◆ WORK ITEM ◆
Could you repeat the entries below exactly, but only from the line with "Argos Home Milo" through the line with "A model wearing", and without any picture?

◆ DATA FOR REVIEW ◆
# # # #
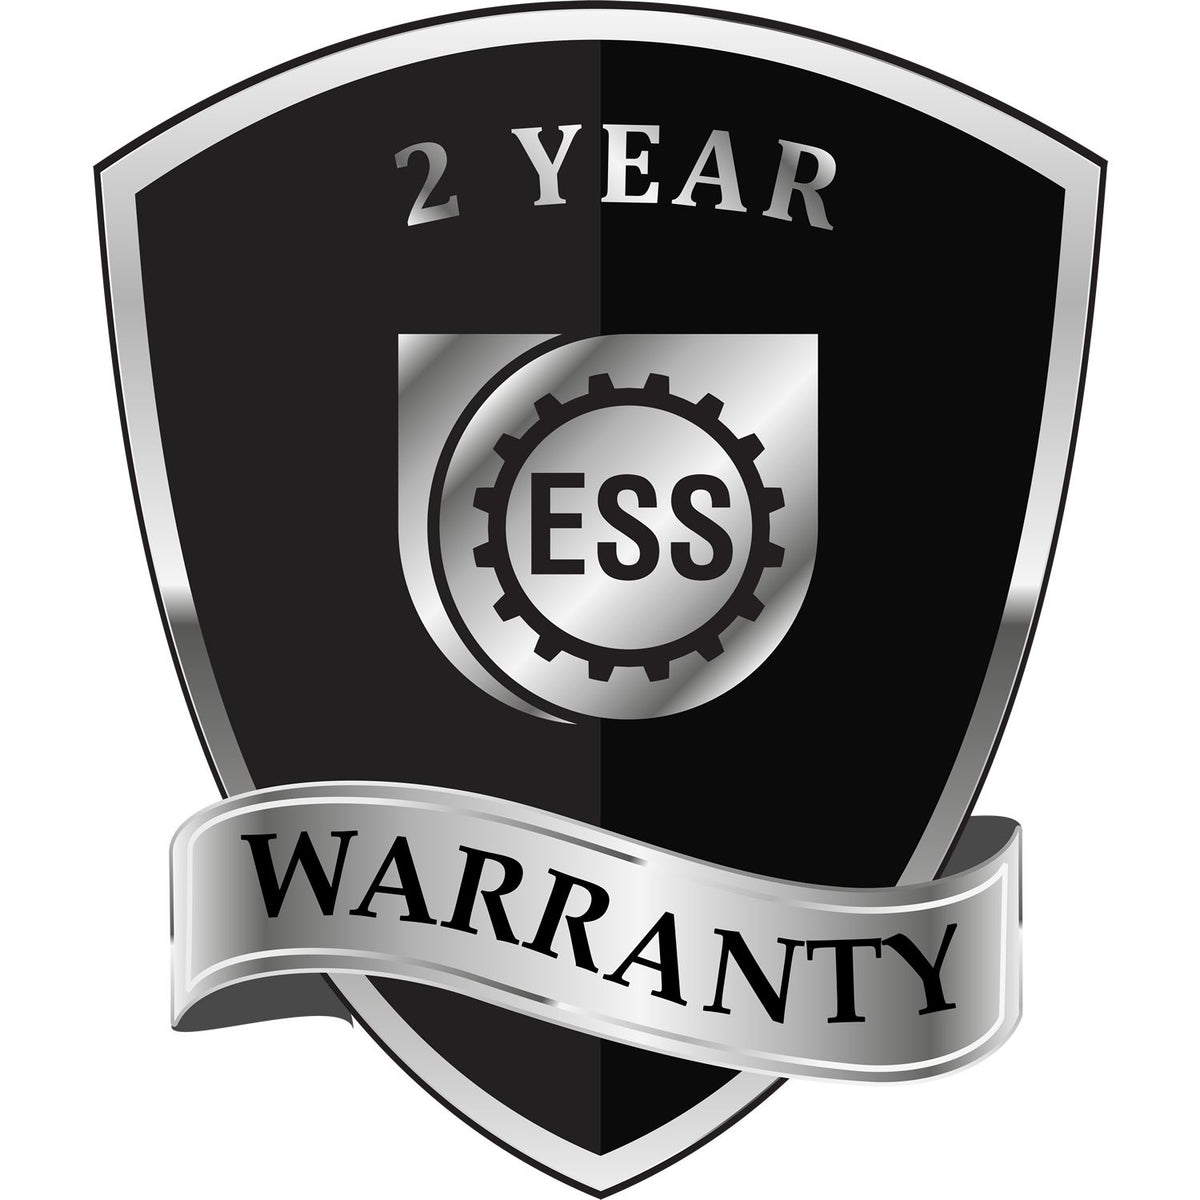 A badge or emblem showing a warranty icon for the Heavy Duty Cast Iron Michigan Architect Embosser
# # # #
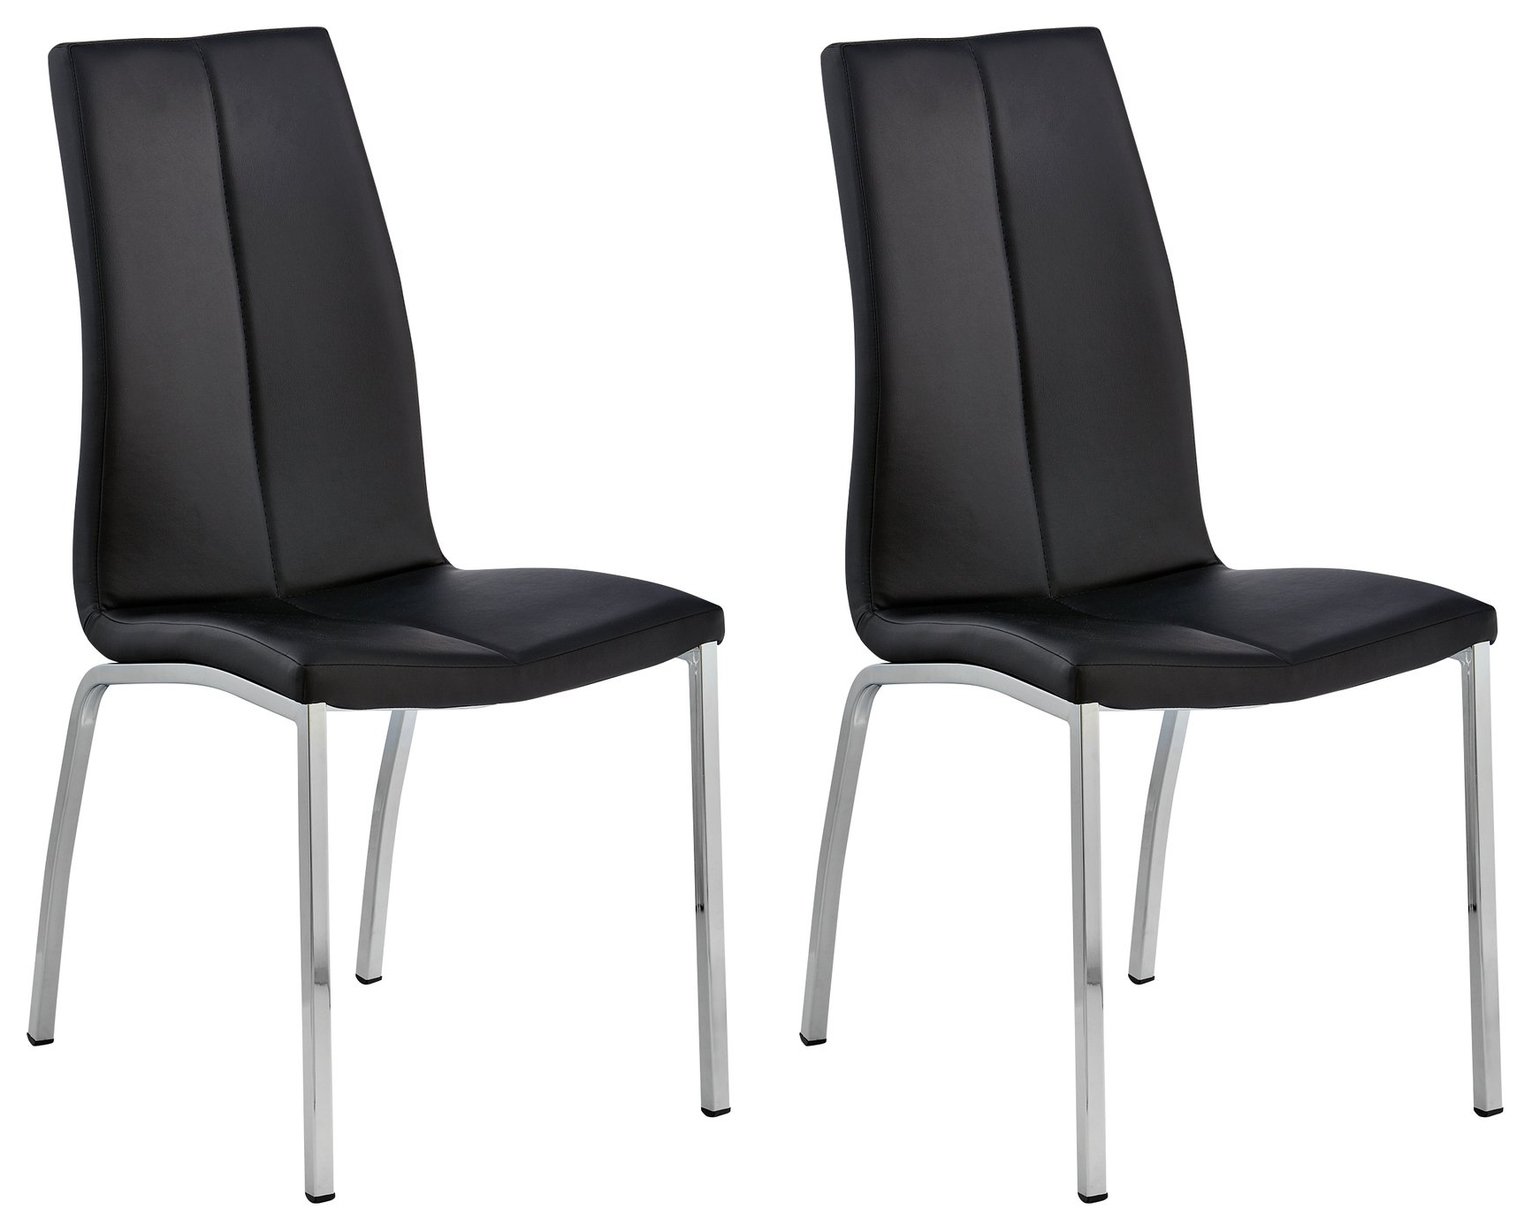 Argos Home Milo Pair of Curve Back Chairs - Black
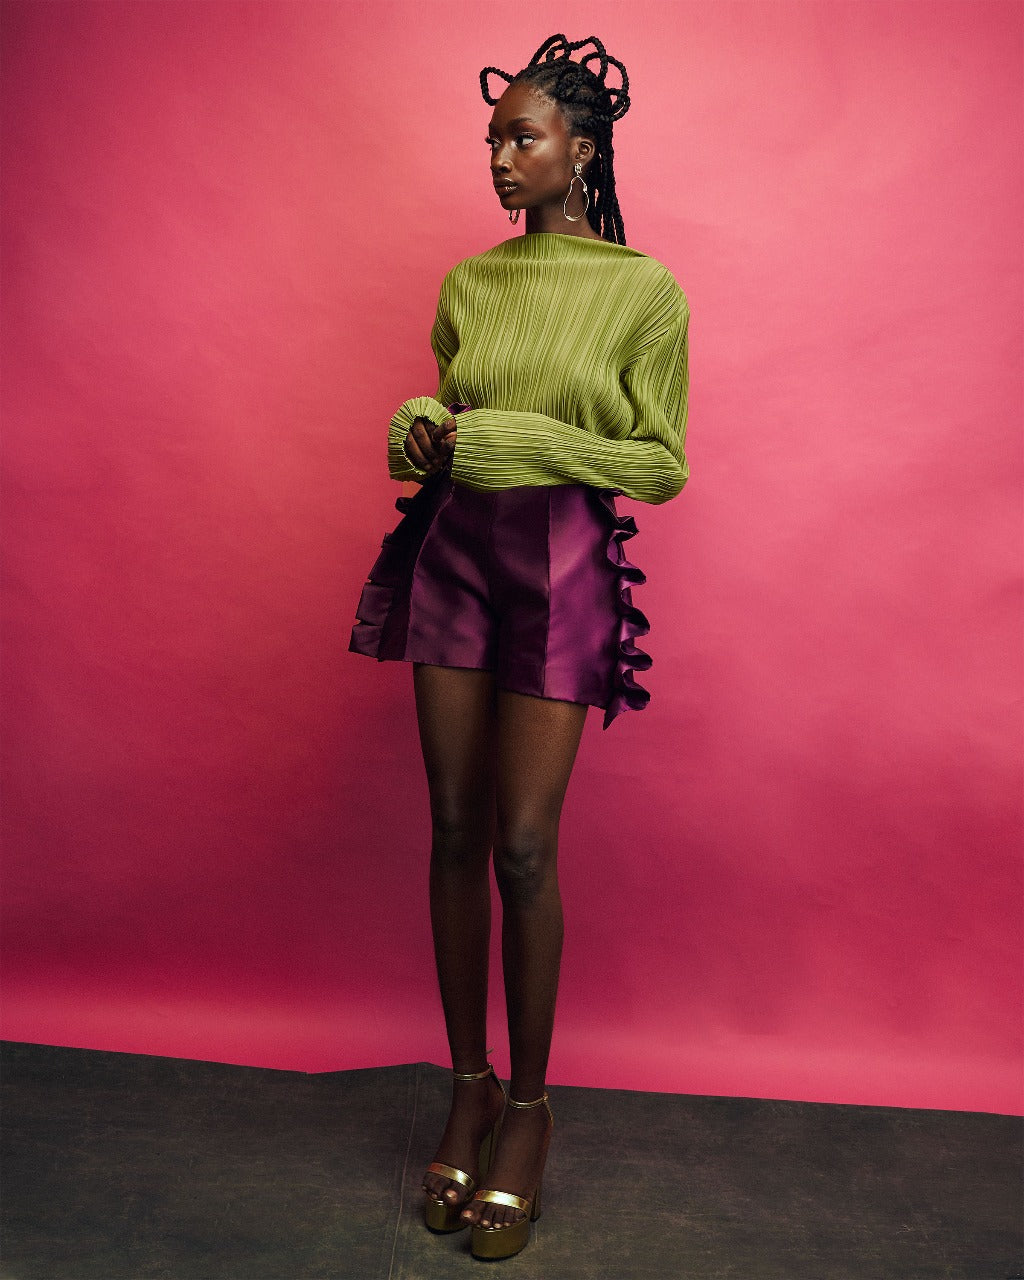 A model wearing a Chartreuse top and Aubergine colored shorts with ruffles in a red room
# # # #
◆ RESPONSE TO THIS EXERCISE ◆
 Argos Home Milo Pair of Curve Back Chairs - Black
 A model wearing a Chartreuse top and Aubergine colored shorts with ruffles in a red room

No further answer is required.